§ **What is being asked**
Return all of the data below verbatim and exclude every picture.

§ **Data below**
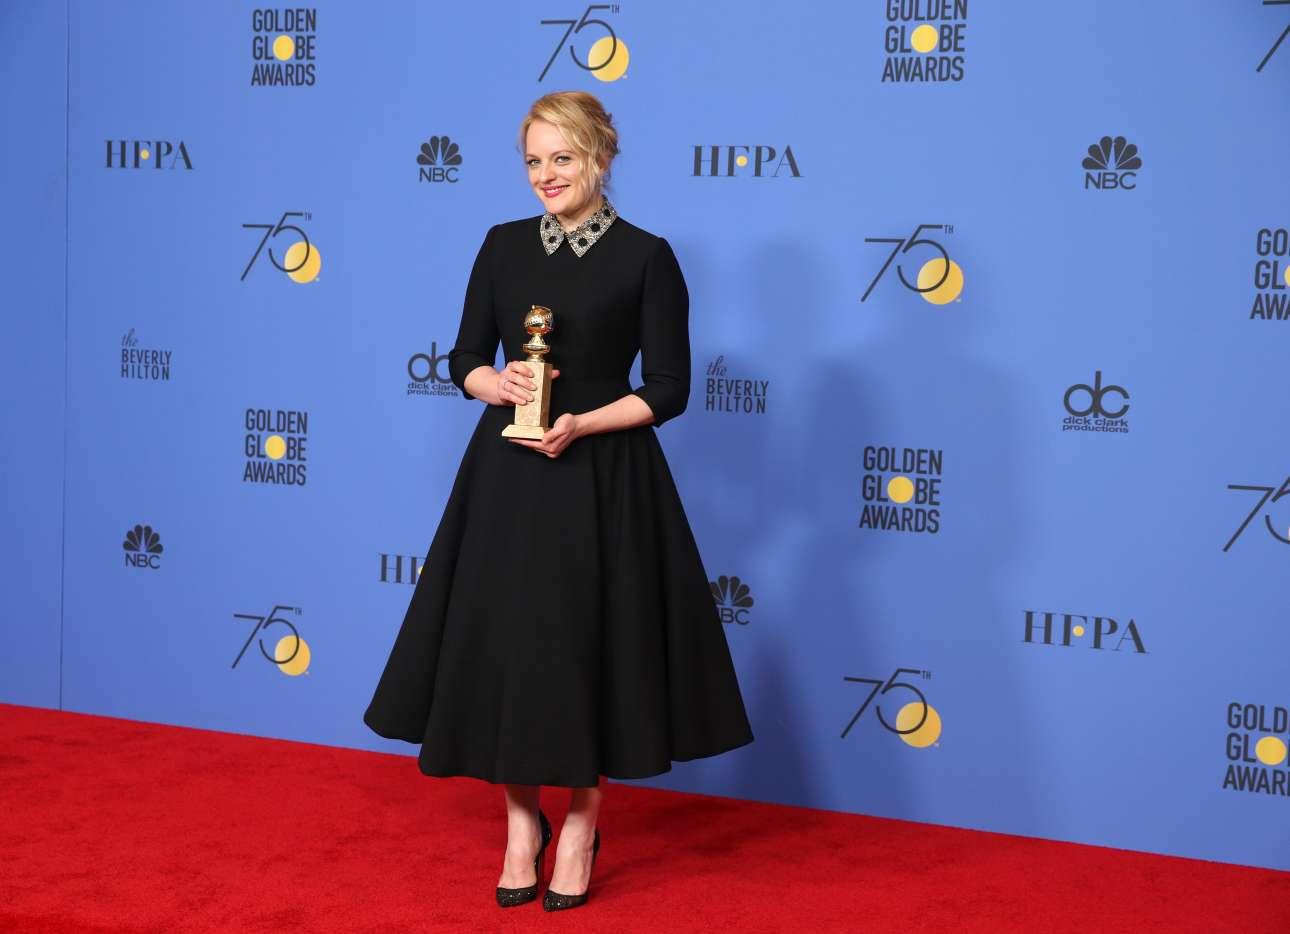 H Ελίζαμπεθ Μος με το βραβείο καλύτερης γυναικείας ερμηνείας σε τηλεοπτική σειρά για το «Τhe Handmaid's Tale»
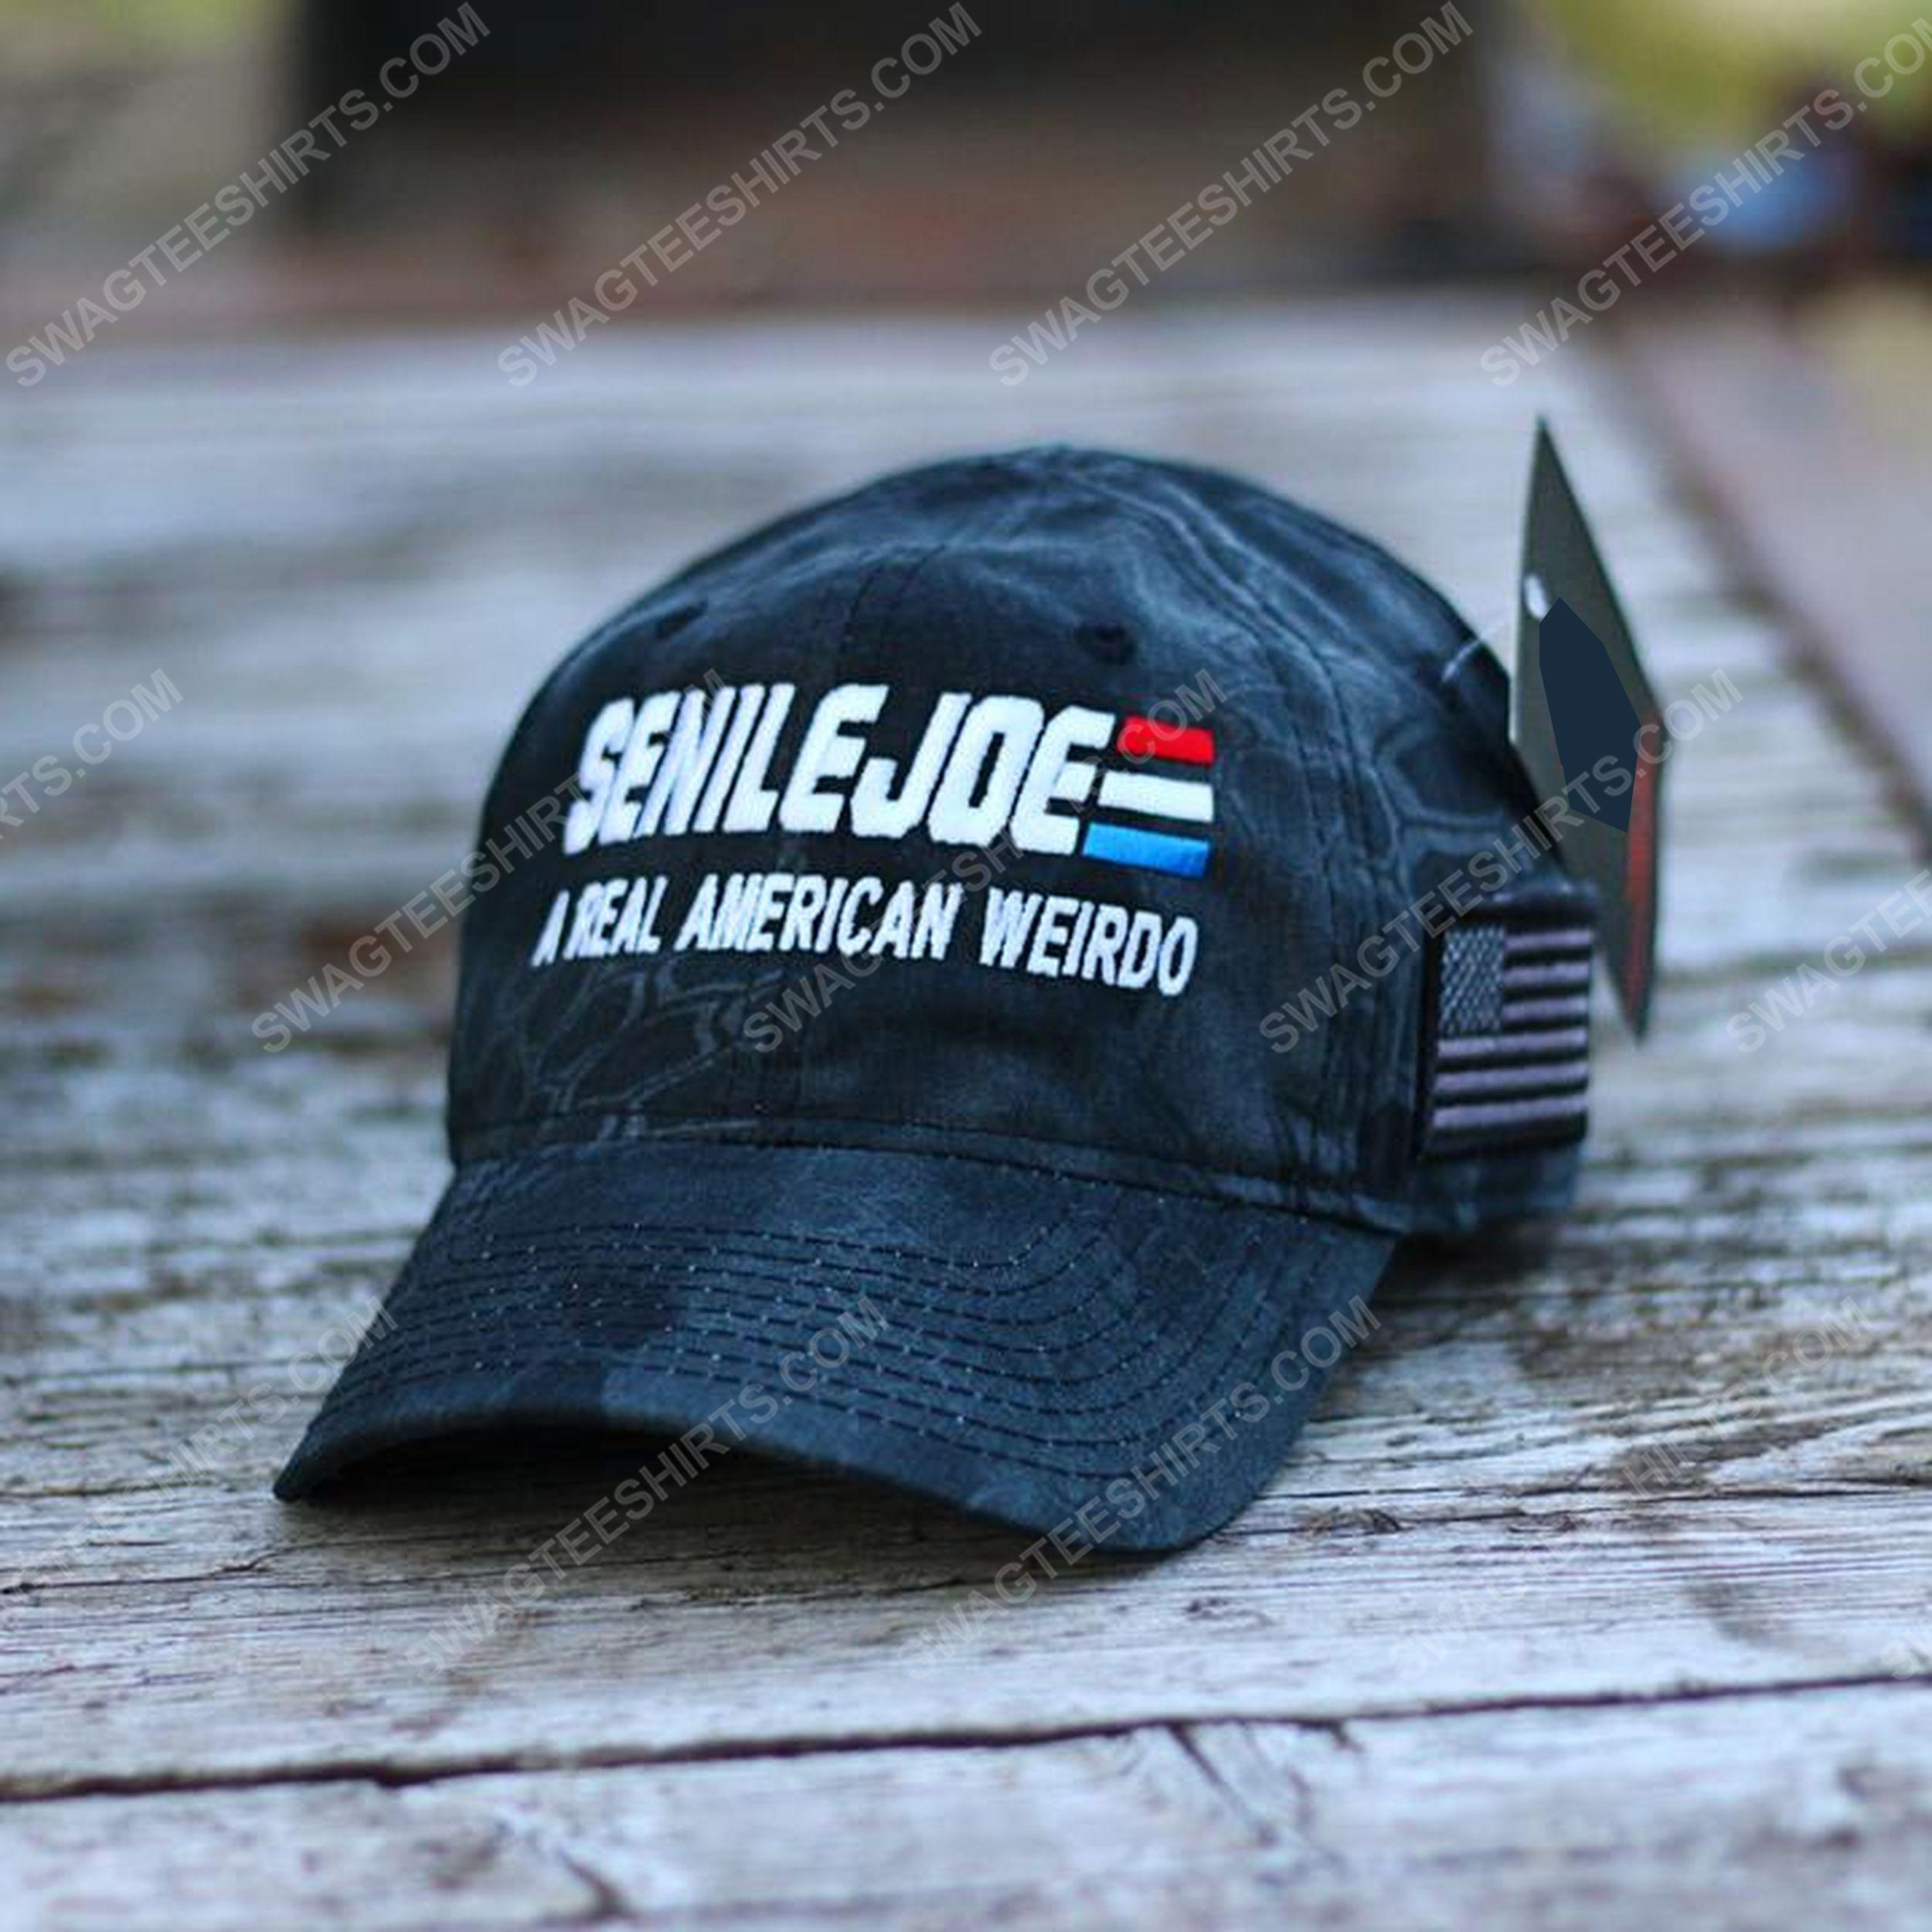 Senile joe a real american weirdo full print classic hat 1
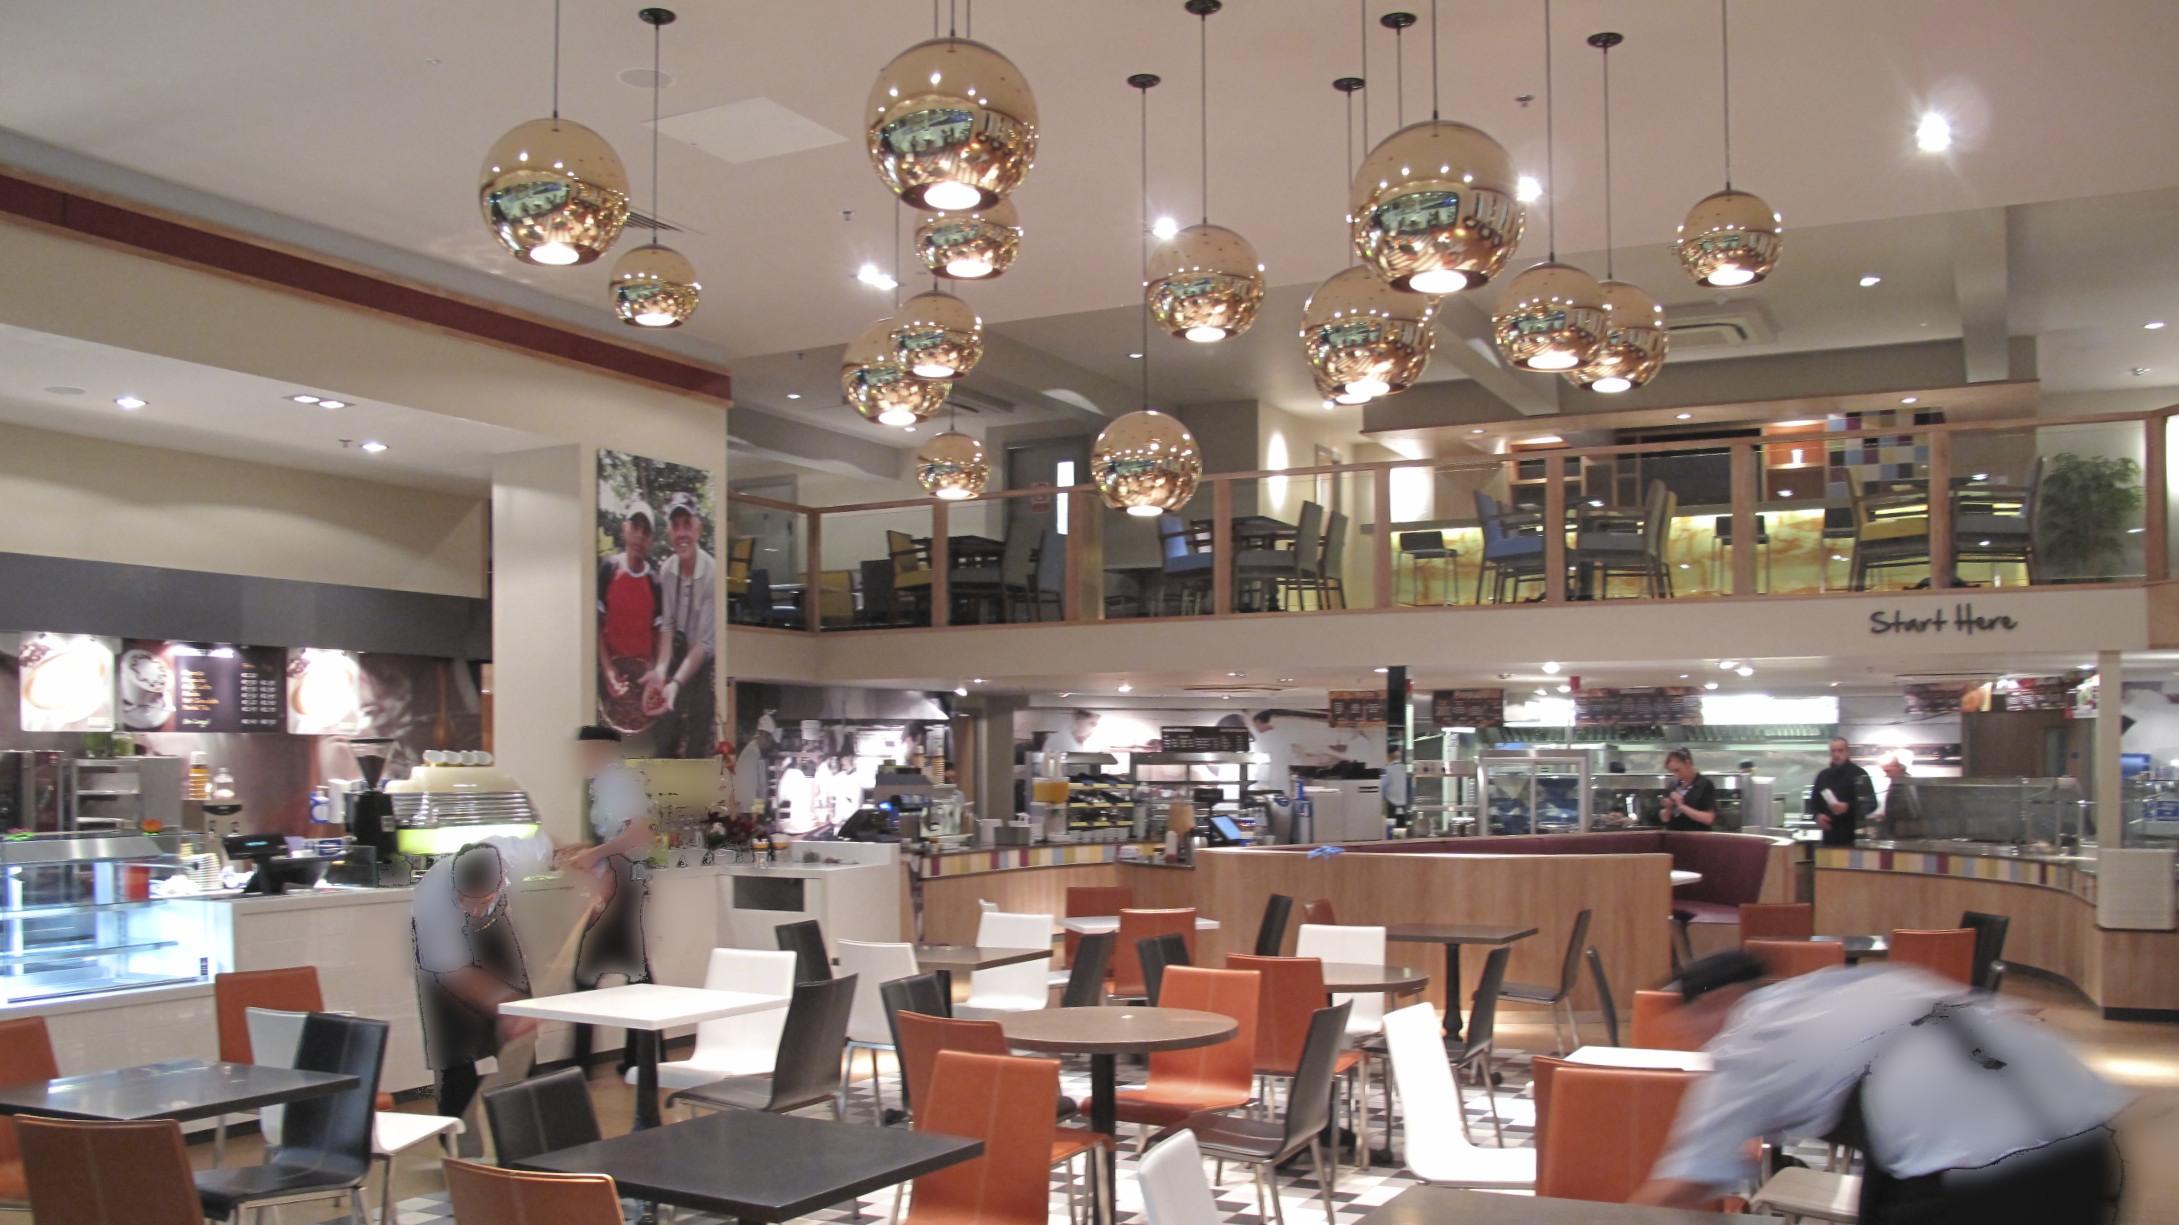 Cafe, Blanchardstown, Dublin

§ **Solution**
 H Ελίζαμπεθ Μος με το βραβείο καλύτερης γυναικείας ερμηνείας σε τηλεοπτική σειρά για το «Τhe Handmaid's Tale»
 Senile joe a real american weirdo full print classic hat 1
 Cafe, Blanchardstown, Dublin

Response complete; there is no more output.